Industrial sensors often offer a return 
on investment for condition 
monitoring of high-value assets or 
processes. When deployed in remote 
locations, hard-wired sensors are 
expensive to install because of the 
cost of cabling, but thereafter they 
have low maintenance costs. Sensors 
powered by disposable batteries are 
relatively cheap to install but are 
expensive to maintain because of  
the cost of the maintenance crews 
deployed to replace and dispose of 
the batteries at regular intervals. Ilika’s 
miniature devices are designed to  
be combined with a small energy 
harvester (usually photovoltaic)  
to allow them to be recharged and 
therefore to operate for an extended 
period of time, usually up to ten years. 

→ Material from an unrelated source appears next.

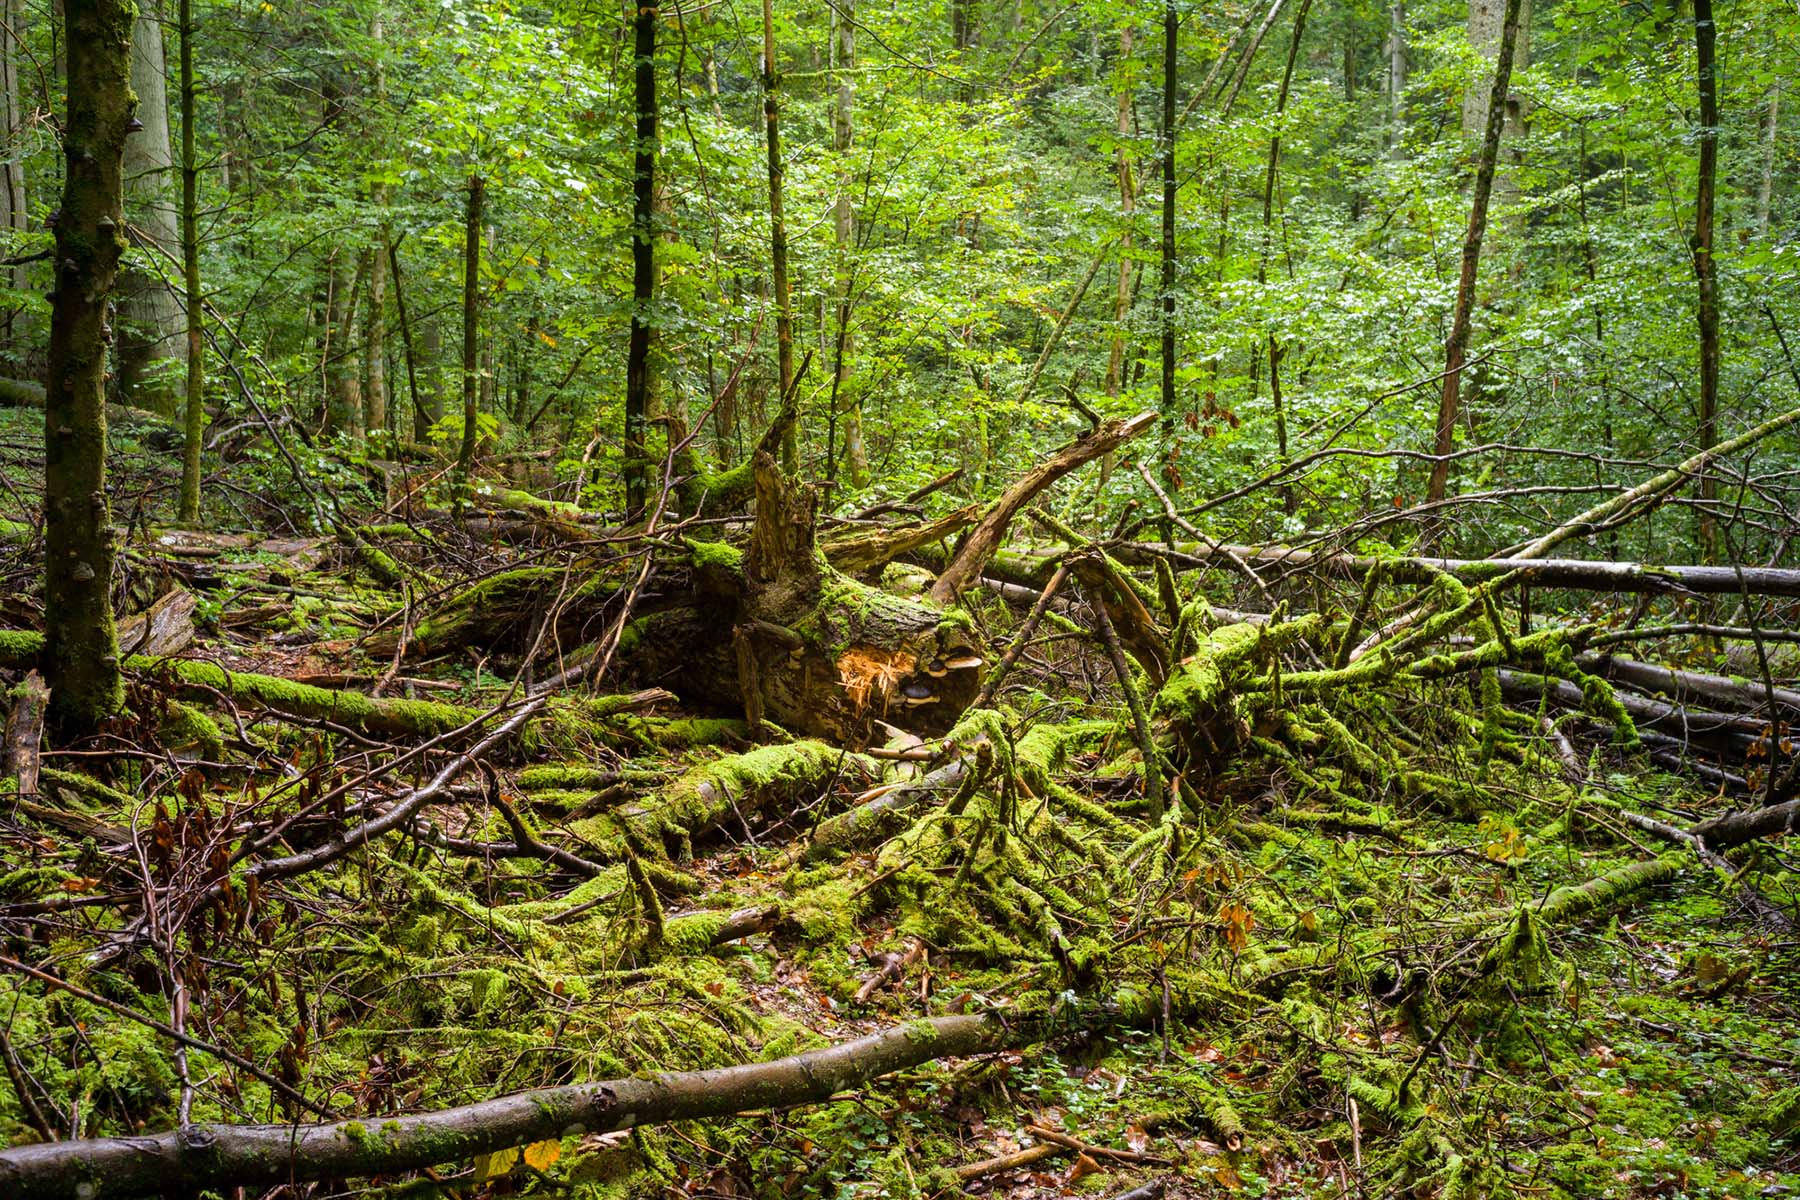 Totholz spielt eine wichtige Rolle bei der Entwicklung eines Nutzwaldes hin zu einem urwaldähnlichen Wald und dient der Biodiversität. (Bild: Caroline Fink / AS Verlag)

This concept is designed to offer a  
low cost of installation compared to 
hard-wired devices combined with 
lower maintenance costs relative  
to using disposable coin cells. Some 
industrial deployments are in 
processes that are not possible to 
connect using cabling and may involve 
conditions that are not suitable 
(typically too hot) for using disposable 
batteries. IIoT applications for Stereax 
include infrastructure condition 
monitoring, process monitoring and 
environmental monitoring.

The MedTech industry is currently 
experiencing a significant wave of 
innovation as next-generation devices 
are being designed that are ‘smart’. 
This usually involves the acquisition 
and transfer of data associated with 
the medical condition the device is 
designed to improve. This needs a 
power source and the intrinsically-
safe, miniature Stereax cells are 
well-positioned for this segment. 
Examples of MedTech devices which 
can benefit from Stereax battery 
technology are cardiac devices, blood 
pressure monitors, neurostimulators, 
gastric stimulators, smart contact 
lenses and smart dental braces.

Ilika has experienced substantial 
interest from automotive companies 
searching for improved batteries for 
use in electric vehicles (EVs). Stereax 
miniature cells are too expensive to be 
used for vehicle propulsion, so Ilika is 
developing lower-cost processes for 
making large format Goliath pouch 
cells. Variants of Goliath cells are also 
useful for domestic appliances and 
consumer electronics products. 
Companies making such devices often 
have a cordless roadmap, in which 
products that were historically cabled 
use batteries to allow the products to 
be used more flexibly. 

PRODUCTION TECHNOLOGY
Stereax batteries are made using Ilika’s 
proprietary vacuum deposition 
process. Ilika currently operates a pilot 
line in Southampton which produces 
evaluation samples using a 
photolithographic process which is 
compatible with semi-conductor 
manufacturing processes. It also allows 
Ilika to produce custom size batteries, 
formed in a variety of sizes, from a 
single production wafer. The process 
also has the advantage over contact 
masks of being able to create smaller 
feature sizes of less than a micron.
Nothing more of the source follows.